_TASK DIRECTIONS_
This exercise asks for an exact copy of the lines from the one containing "Hasenstab Fund Loses" through the final line of the material, with pictures omitted.

_EXERCISE DATA_
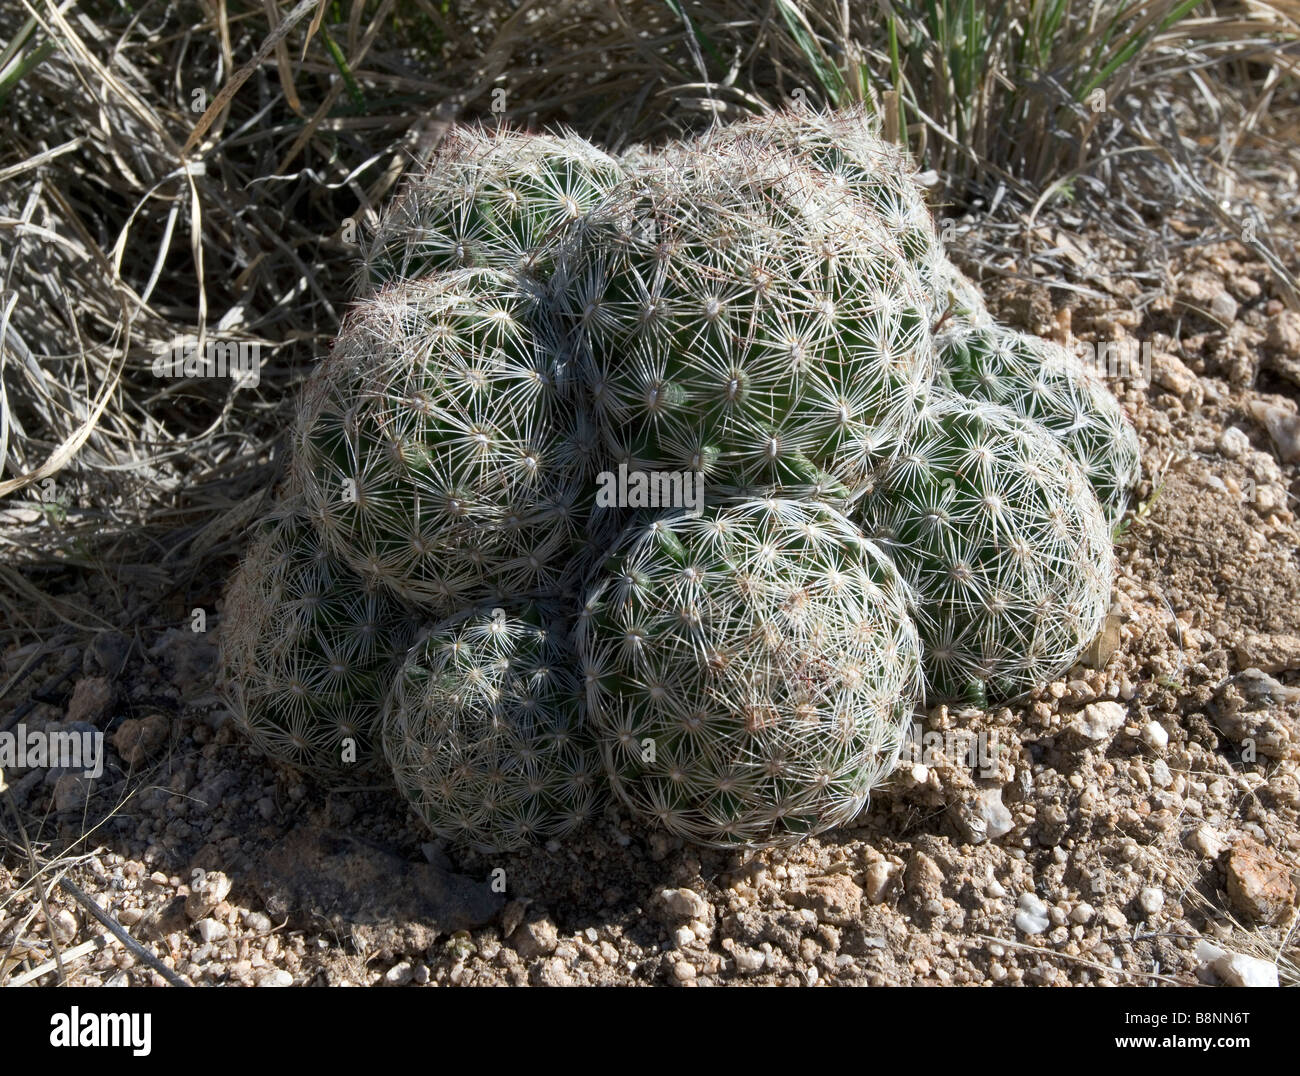 A Beehive or Spinystar cactus found in Southern Arizona near Tucson. Escobaria vivipara - Stock Image
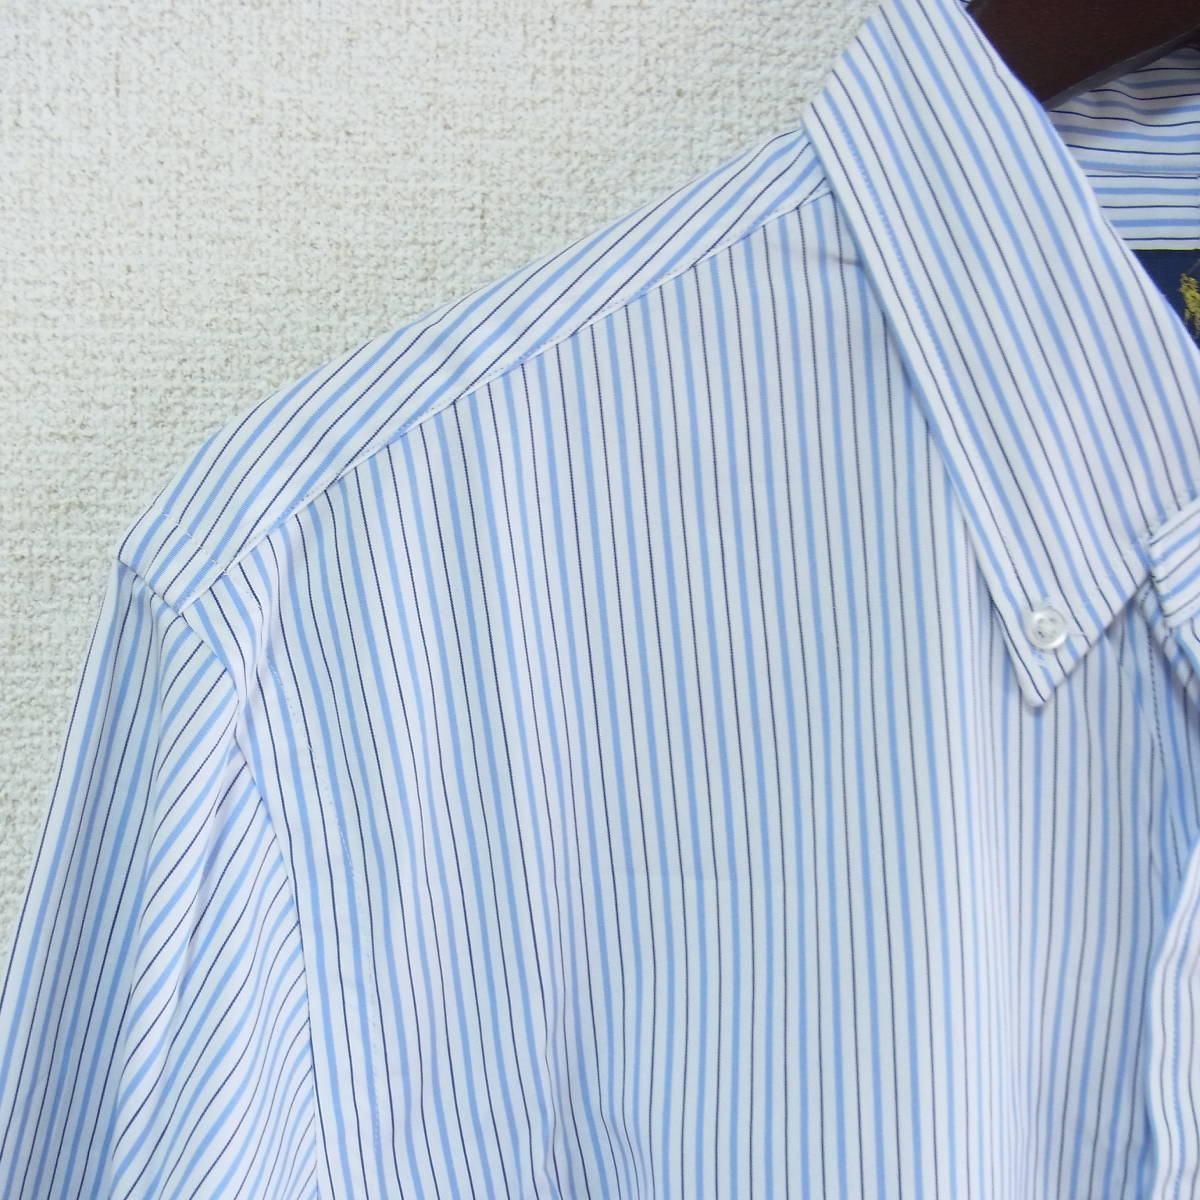 RALPH LAUREN ラルフローレン 長袖 ストライプ ボタンダウンシャツ 15-1/2(39) ライトブルー/ネイビー_画像3
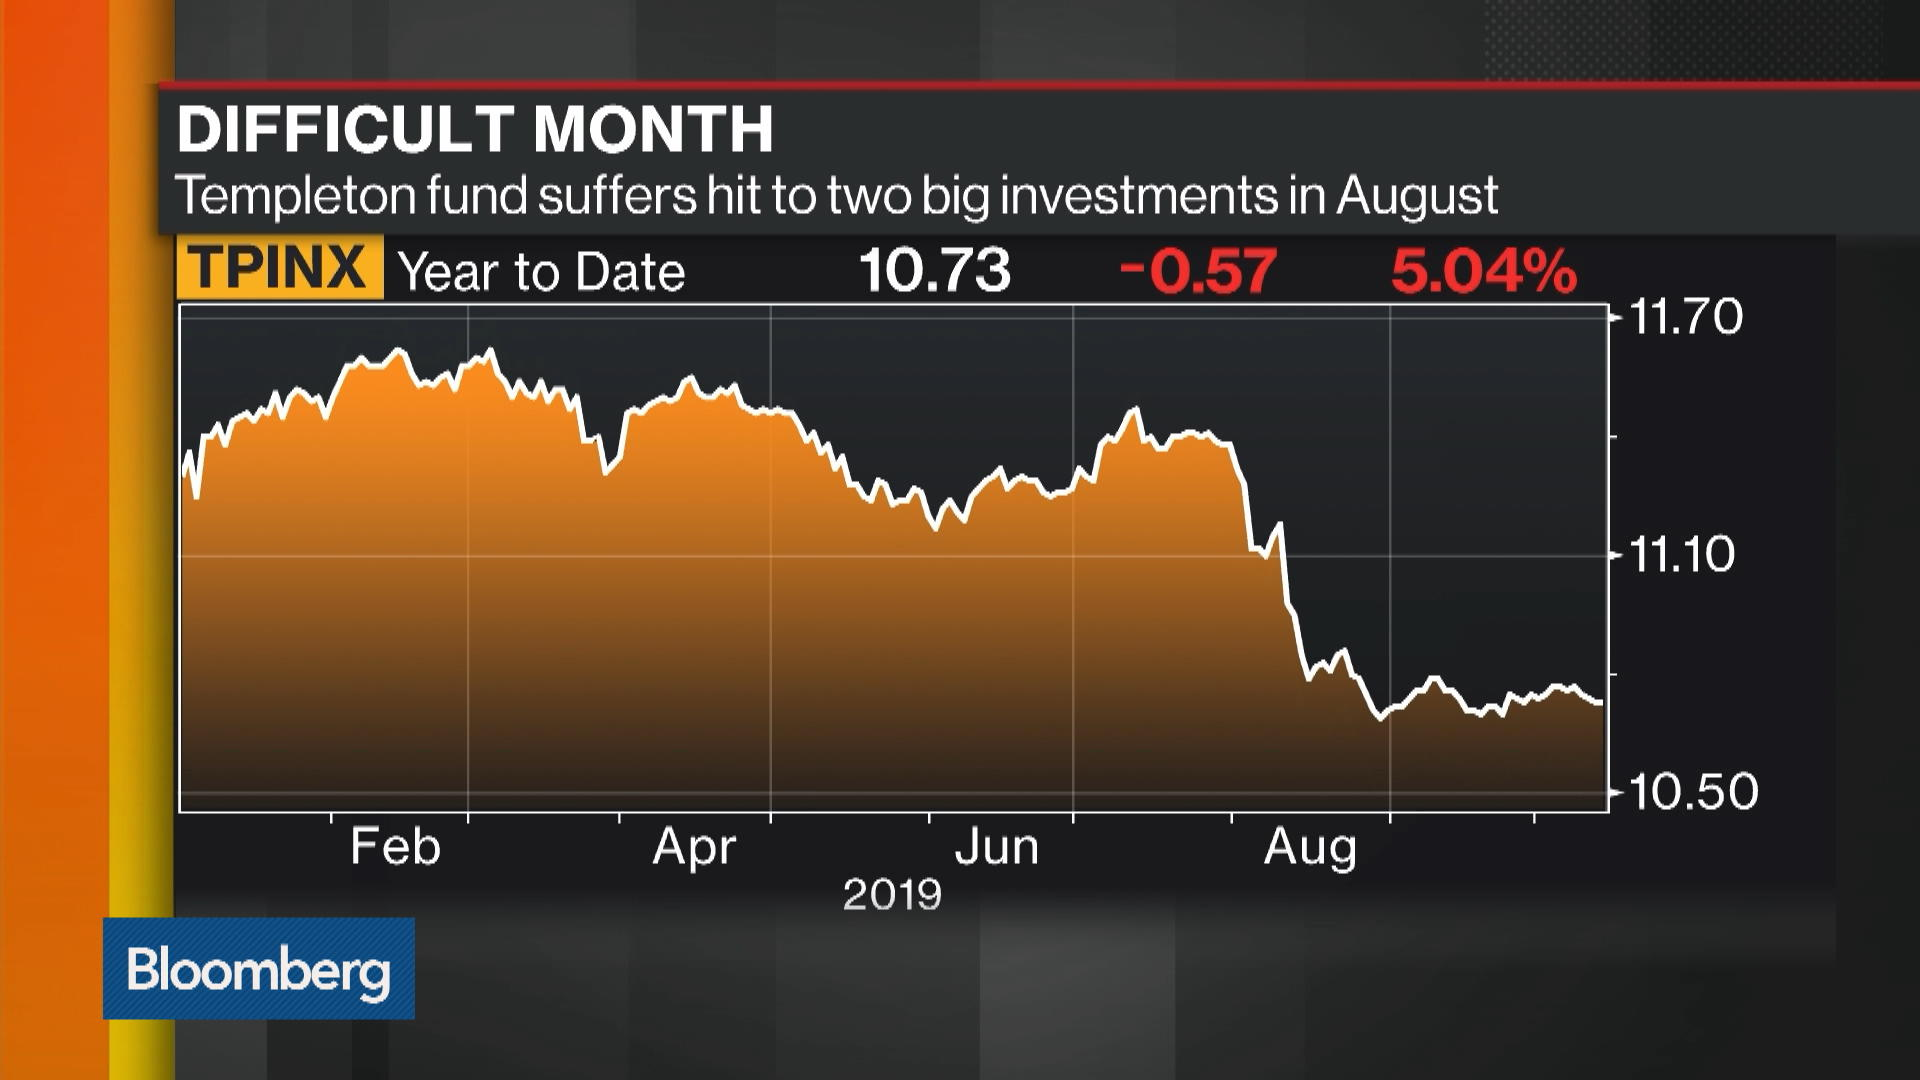 Hasenstab Fund Loses $3 Billion in Rocky Quarter
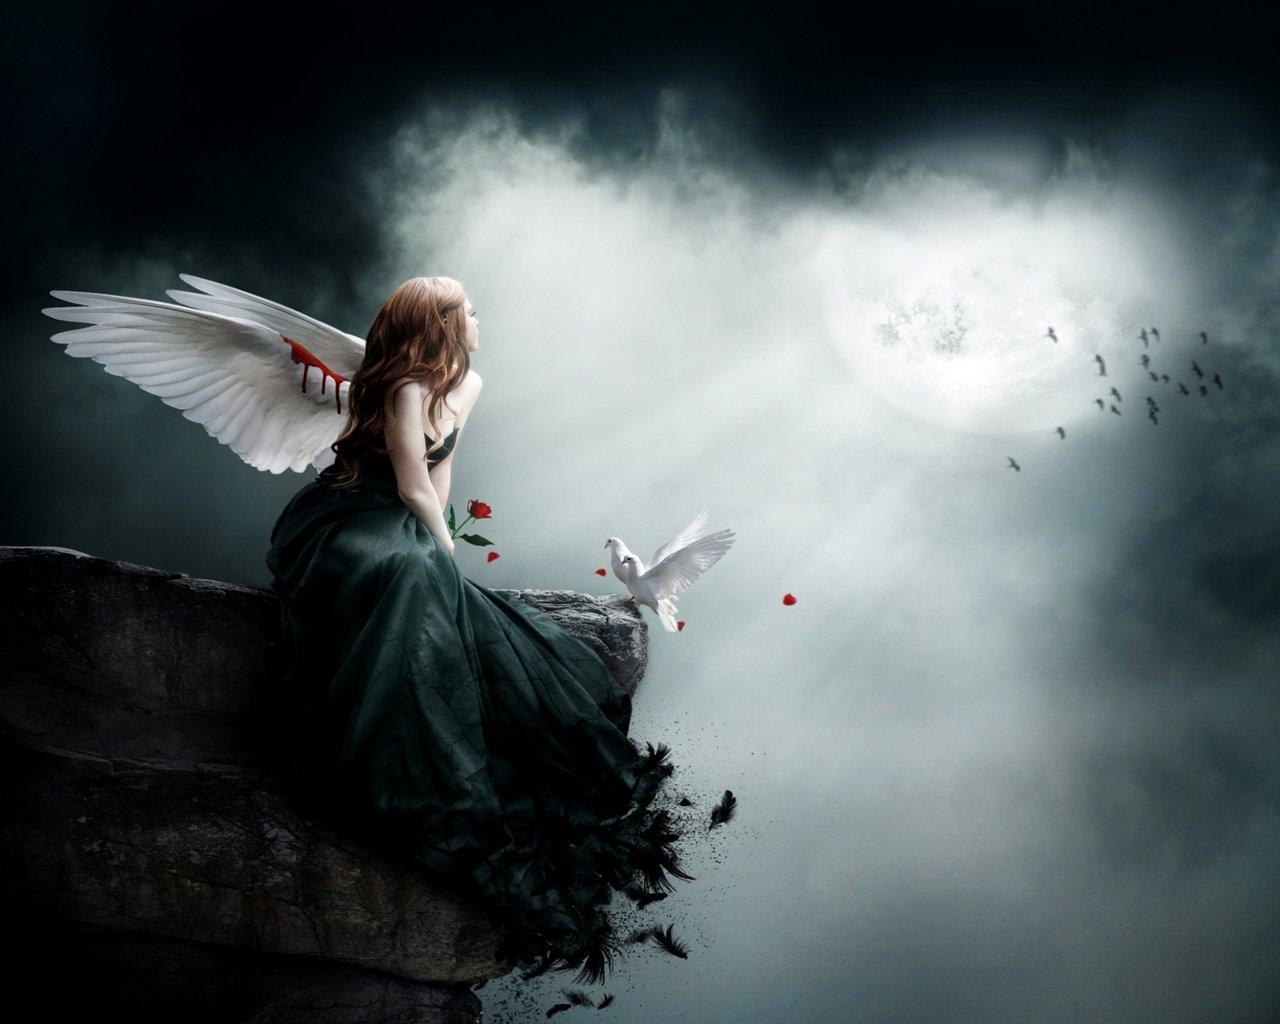 Gothic girl wallpaper wallpapersafari - Gothic angel wallpaper ...

_SOLUTION TO THIS PROBLEM_
 Hasenstab Fund Loses $3 Billion in Rocky Quarter
 Gothic girl wallpaper wallpapersafari - Gothic angel wallpaper ...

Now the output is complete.